É de louvar uma série que não se esquece a sua história anterior (como Mack a lembrar-se que Skye, antes de poder nivelar cidades, era uma hacker), mas infelizmente SHIELD ainda tem algumas arestas por limar.

As decisões de algumas personagens tornam-se incompreensíveis e, convenhamos, estúpidas, pois servem apenas para progredir a narrativa. Não são resoluções orgânicas, pelo que se perde alguma da tensão dramática que estas escolhas debilitam. A segunda metade da temporada foi infinitamente pior que a primeira, pois recauchutou território já percorrido no ano anterior (outra SHIELD dentro da SHIELD?). Os morais podem ter sido diferentes assim como os resultados, mas os pontos narrativos foram demasiado semelhantes para não se realizarem aborrecidas comparações.

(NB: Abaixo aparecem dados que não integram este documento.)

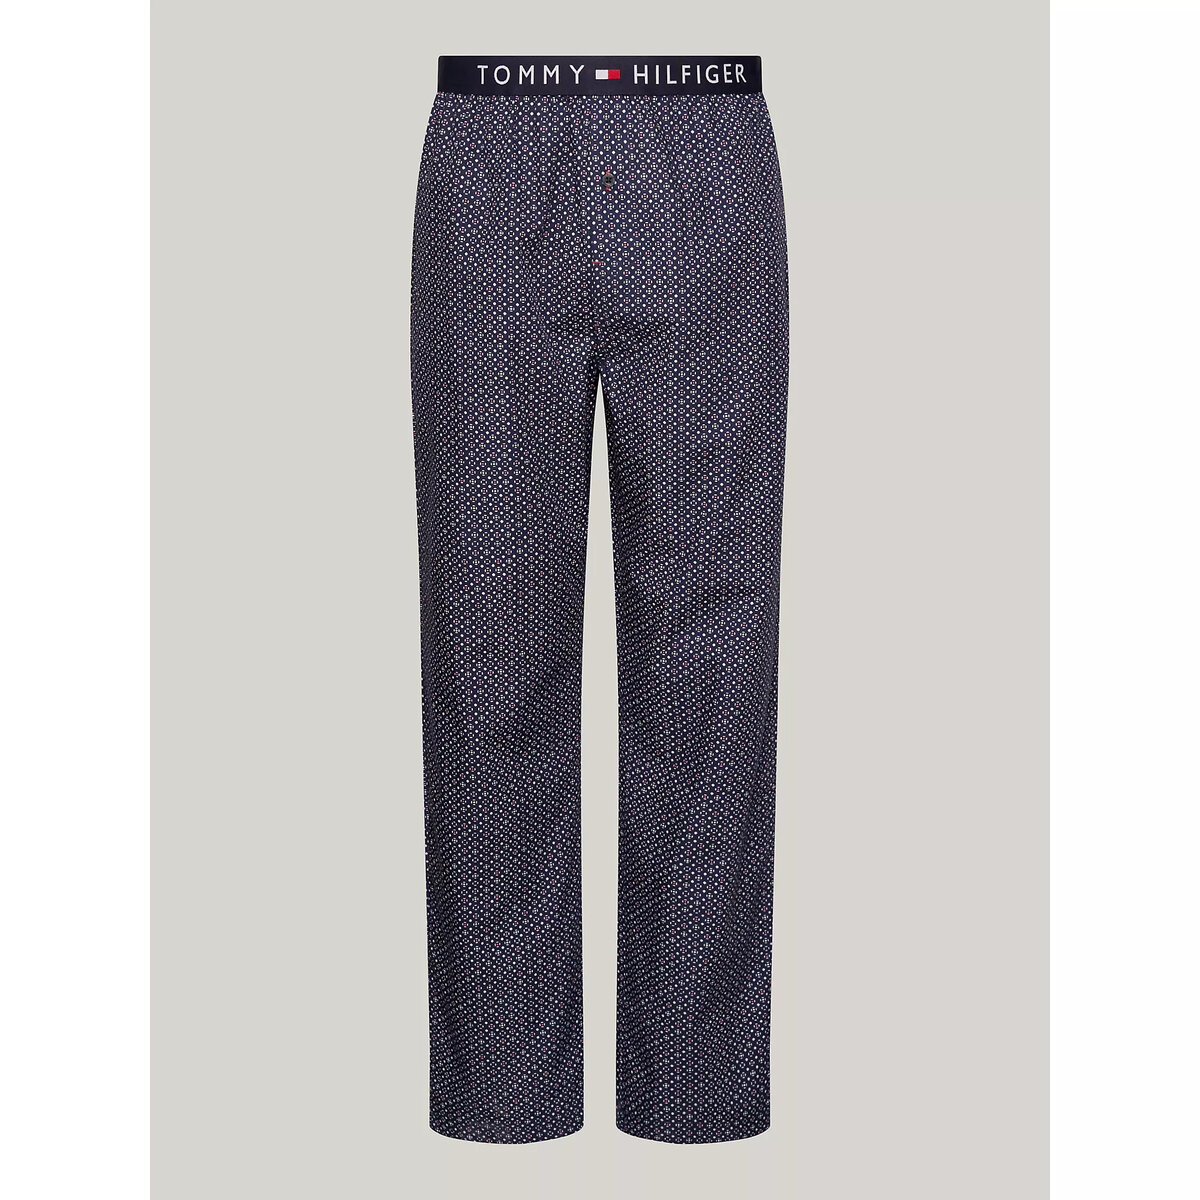 Modré pyžamové kalhoty s potiskem od Tommy Hilfiger, S i10_P68447_2:92_

No entanto este segundo ano permitiu à série desenvolver a sua própria personalidade, abrindo as portas para a resma de Inumanos que vão entrar no Universo Cinemático da Marvel durante os próximos anos. Os últimos momentos de S.O.S. foram sem dúvida entusiasmantes, mesmo que existam com o óbvio propósito de gerar burburinho durante o interregno.

SHIELD tem potencial: as personagens são alegremente coloridas, a ação melhorou ao ponto de ser imbuída por uma estética estilizada, e apesar da narrativa deixar algo a desejar contínua a ter um ímpeto muito particular na forma como resolve os momentos de maior tensão. Espero que permaneça assim e que as audiências continuem a dar uma oportunidade a esta ralé de espiões mal-ajustados.